Setelah itu, pasien mungkin baik memulihkan atau maju ke fase kebocoran, yang

menyebabkan DBD dan / atau dengue shock syndrome. Puncak viremia plasma berkorelasi

dengan keparahan infeksi dengue. Perbedaan antibodi, sitokin, dan tanggapan T-sel yang

terlihat di antara pasien dengan demam berdarah yang tidak rumit atau DHF / dengue shock

syndrome. Untuk kejelasan deskripsi, ini akan dijelaskan secara terpisah di bawah judul

respon antibodi, respon sitokin, dan tanggapan seluler terhadap virus dengue.

II.5 MANIFESTASI KLINIS DAN DIAGNOSIS

Infeksi virus dengue mungkin asimtomatik atau dapat menyebabkan sindrom virus,

demam berdarah (DF), atau demam berdarah dengue (DBD) termasuk dengue shock

syndrome (DSS). Infeksi dengan satu serotipe dengue memberikan kekebalan seumur hidup

dengan serotipe tertentu, tapi di sini hanya jangka pendek proteksi-silang untuk serotipe

lainnya. Manifestasi klinis tergantung pada strain virus dan tuan faktor seperti usia, status

kekebalan, dll.

17

Sindrom Virus

Bayi, anak-anak dan orang dewasa yang telah terinfeksi virus dengue, terutama untuk

pertama kalinya (yaitu infeksi dengue primer), dapat mengalami demam sederhana dan

terkadang tidak dapat dibedakan dari infeksi virus lainnya. Ruam makulopapular dapat

menyertai demam atau mungkin muncul selama penurunan suhu badan sampai yg normal.

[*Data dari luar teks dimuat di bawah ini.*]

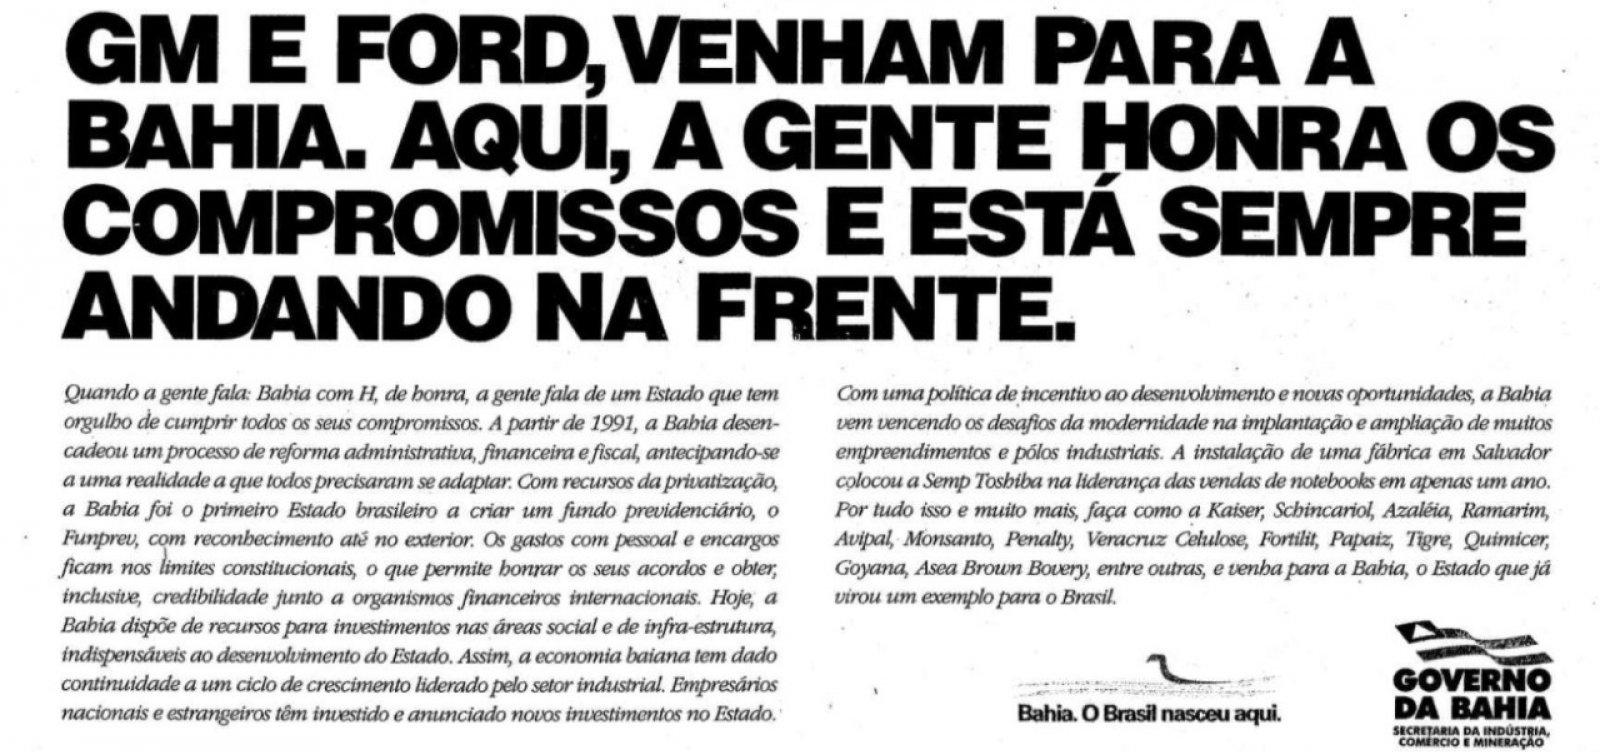 César Borges relembra rixa com Rio Grande do Sul e São Paulo para trazer Ford para a Bahia

Gejala pernapasan dan pencernaan bagian atas terjadi pada umumnya.

Demam Berdarah

Demam berdarah (DF) paling sering terjadi pada anak-anak, remaja dan orang dewasa. Hal

ini umumnya terjadi penyakit akut yang disertai demam, dan demam kadang-kadang terjadi

bifasik dengan sakit kepala, mialgia, arthralgia, ruam, leukopenia dan trombositopenia juga

dapat diamati. Meskipun DF mungkin jinak, bisa jadi penyakit melumpuhkan dengan sakit

kepala parah, nyeri otot dan sendi dan tulang terutama pada orang dewasa. Kadang-kadang

perdarahan yang tidak biasa seperti perdarahan gastrointestinal, hypermenorrhea dan

epistaksis bisa terjadi. Di daerah endemis demam berdarah, wabah DF jarang terjadi di

kalangan masyarakat setempat.

Demam berdarah dengue

Demam berdarah berdarah (DBD) lebih sering terjadi pada anak-anak kurang dari 15 tahun di

daerah hiperendemik, berkaitan dengan infeksi dengue berulang. Namun, kejadian DBD pada

orang dewasa meningkat. DBD ditandai dengan onset akut dari demam tinggi dan

berhubungan dengan tanda-tanda dan gejala yang mirip dengan DF pada fase demam awal.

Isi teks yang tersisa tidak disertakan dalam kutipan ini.